When I met with psychologist and author Jesse Bering in October, I asked him when he intended to write a book that I could read on the New York City subway without the cover bringing me unwanted attention. The title of Bering's 2012 book—Why Is the Penis Shaped Like That?—was bad enough, even though it offered up fascinating insights into the evolution of anatomy. But that was nothing compared to the pitchforks-and-torches looks from people who spied me perusing his latest work, Perv: The Sexual Deviant in All of Us. Bering's response to my entreaty was, “I'm working on it.” I'll believe it when I see it. [Editors' note: Scientific American/Farrar, Straus and Giroux publishes Bering's books.]
In addition to the eye-catching verbiage, the cover of Bering's new book features a picture of a sheep. “That was the publisher's idea,” Bering told me. “I went along with it, obviously. I think it's kind of like a Rorschach test in terms of what people see with the sheep on the cover. It's got multiple meanings. I do talk about zoophilia in the book, so it has that much more explicit meaning of bestiality, of course. But also, the lamb represents innocence. A lot of people see that.” I confessed that the connection to innocence never occurred to me. “Well, that says a lot about you, actually,” he joked. At least, I assume he was joking. I mean, I like a nice wool jacket, but that's as far as it goes.

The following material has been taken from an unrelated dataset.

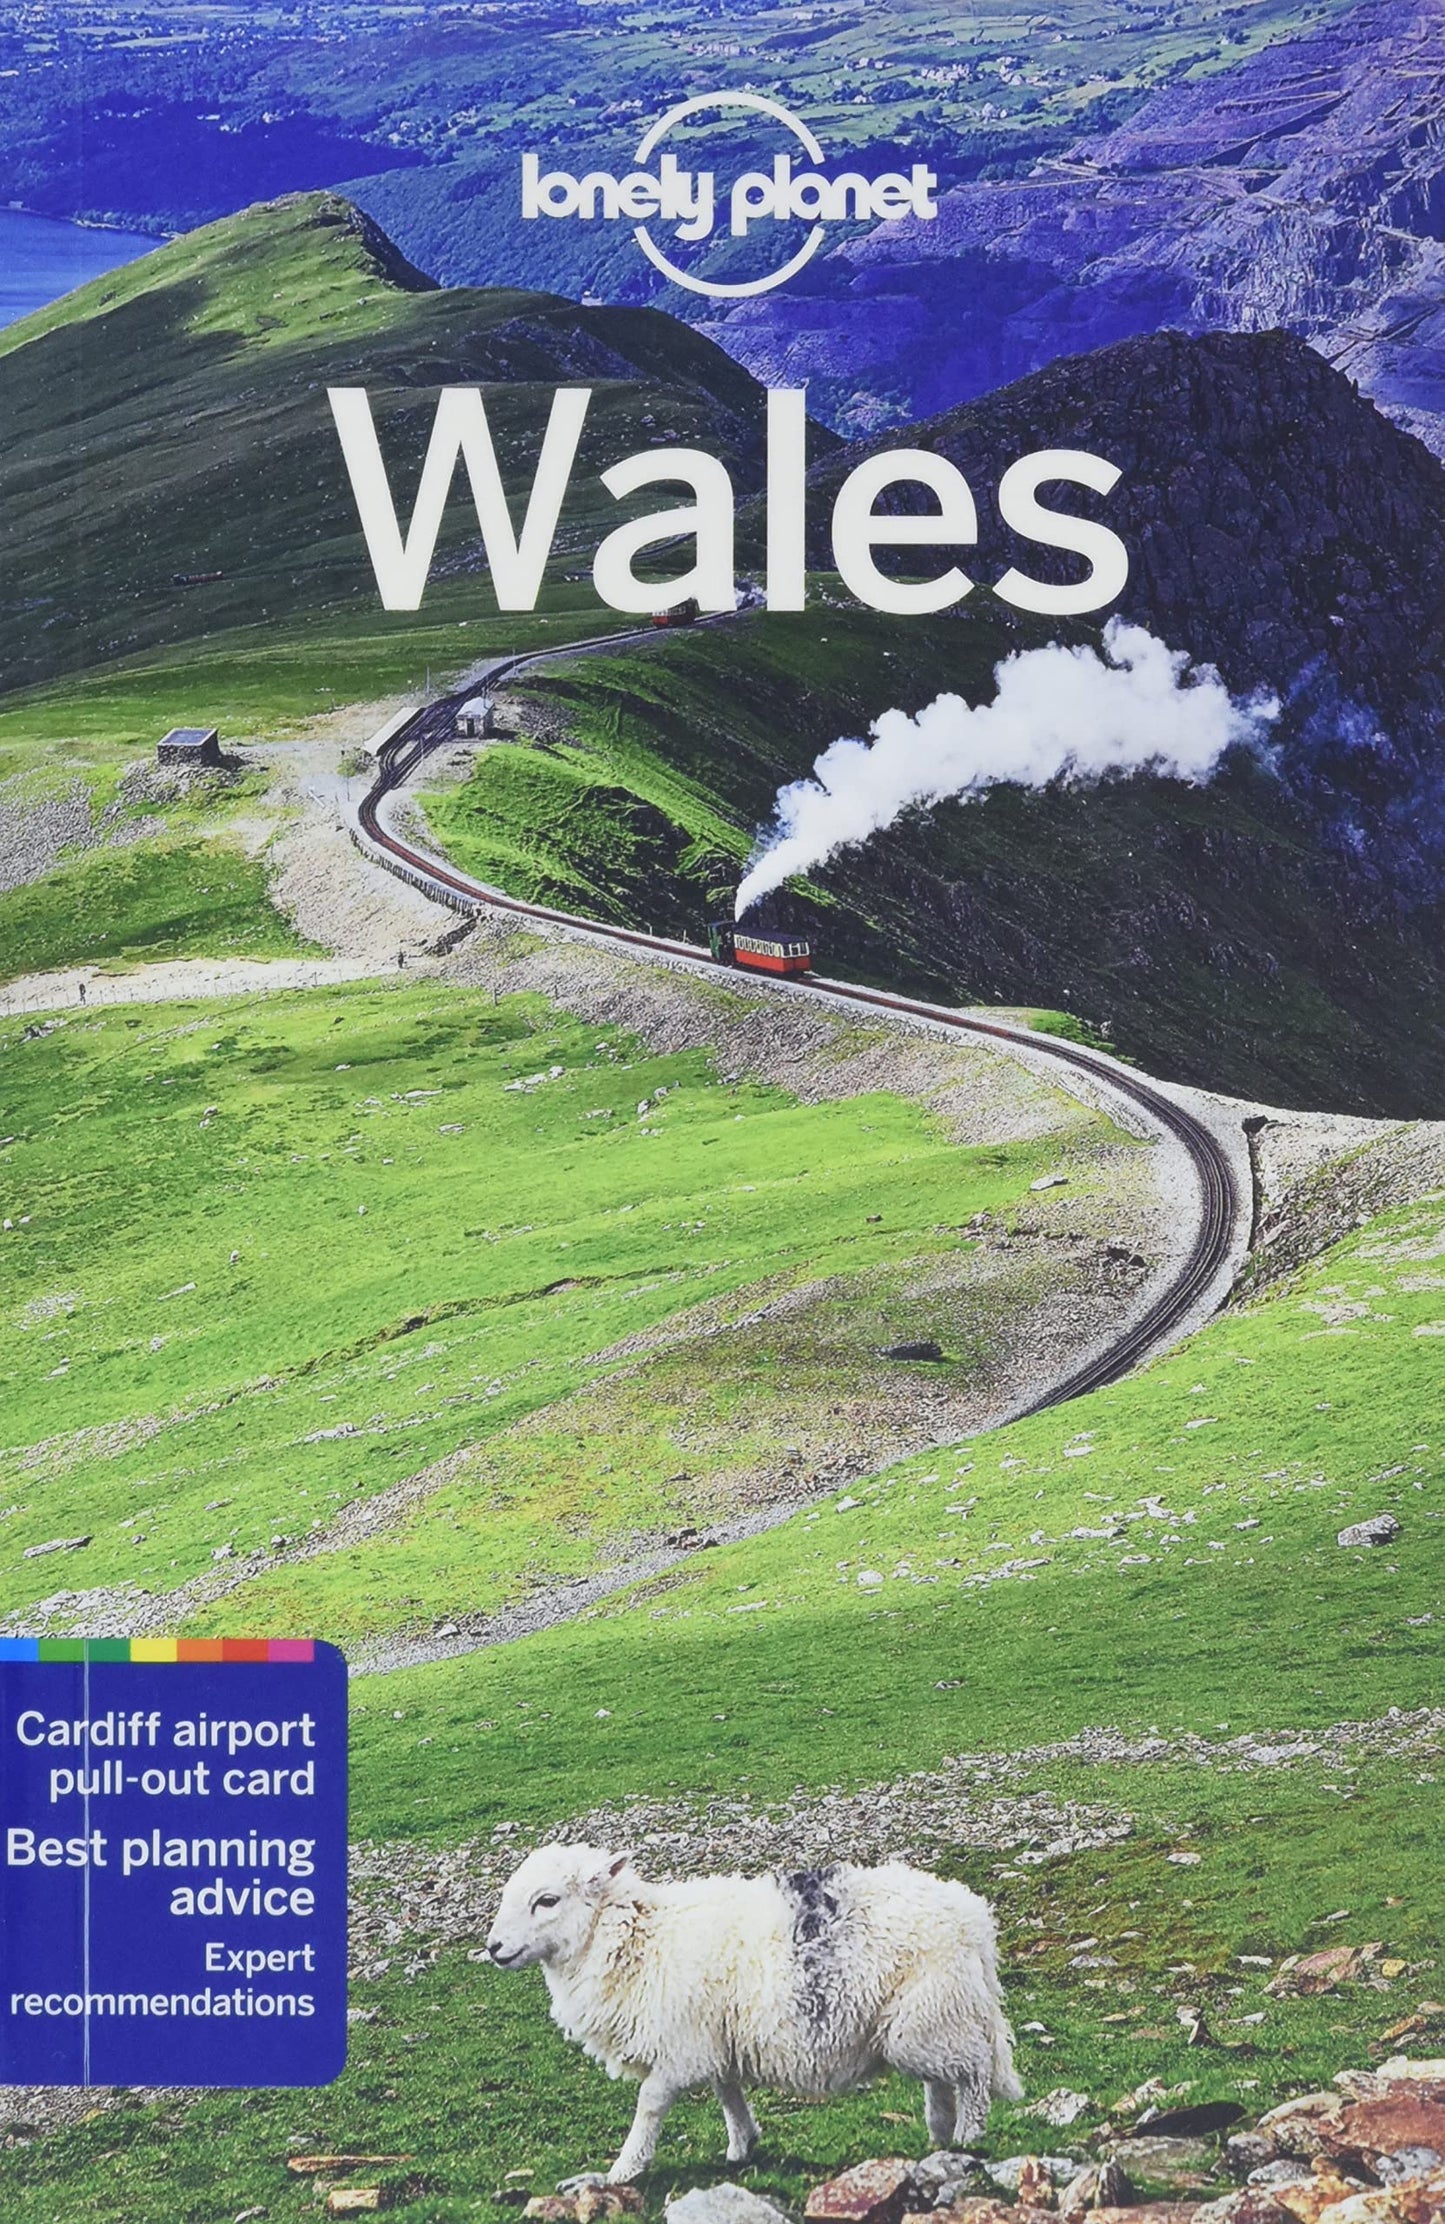 Book - Lonely Planet Wales - Paperback

Bering was kind enough to dedicate Perv to me. And to you. And, well, to any reader brave enough to crack the binding. (Still talking about the book here.) The dedication reads, “For you, you pervert, you.” That notion would have been even more accurate in 1948, when Alfred Kinsey published Sexual Behavior in the Human Male. In Perv, Bering notes that Kinsey's research revealed that “75 percent of adult American males were technically ‘sex deviants’ according to the mental health criteria at the time.”
If the vast majority of guys were thus abnormal, what's normal? We all have our little peccadilloes, which may include things that sound like various parts of the word “peccadilloes.” “One person's lewd exorbitance,” Bering writes, “is another's slow Monday morning.” Indeed, the book is tumescent with the expected exorbitances: foot fetishists, amputee adorers, Lycra lovers and S&Mers (who aren't just fans of my initials) will all find themselves dissected (nonnecrophilously) within Perv's pages.
The book's surprises, to my innocent self anyway, come in discussions of people who develop strong attachments to nonliving things. You might think you love your old Dodge Ram (no relation to the sheep on the cover), but what you and your pickup share is a pale imitation of the true, deep and abiding intimacy experienced by objectophiles.
Don't assume that the objectophile's love for that new iPhone 5S feels sadly but necessarily unrequited, either. Bering notes that such people may have a neurological condition called object personification synesthesia, “which causes them to perceive personalities and emotions, including sexual desires, in inanimate objects.” Before you borrow that smartphone, you might want to ask where it's been.
Objectophilia extends beyond mere consumer products. Bering tells the story of a Swedish woman who in 1979 married the Berlin Wall. “Today she considers herself a widow,” Bering writes. Although I bet she'd admit that trying to have a meaningful conversation with her beloved was like talking to a husband.
Then there's the case of the American woman who goes by the name Erika Eiffel because she (to her satisfaction) consummated a relationship with the towering Paris landmark. It's her second structural situation: she was previously involved with the Golden Gate Bridge. That affair no doubt took a toll.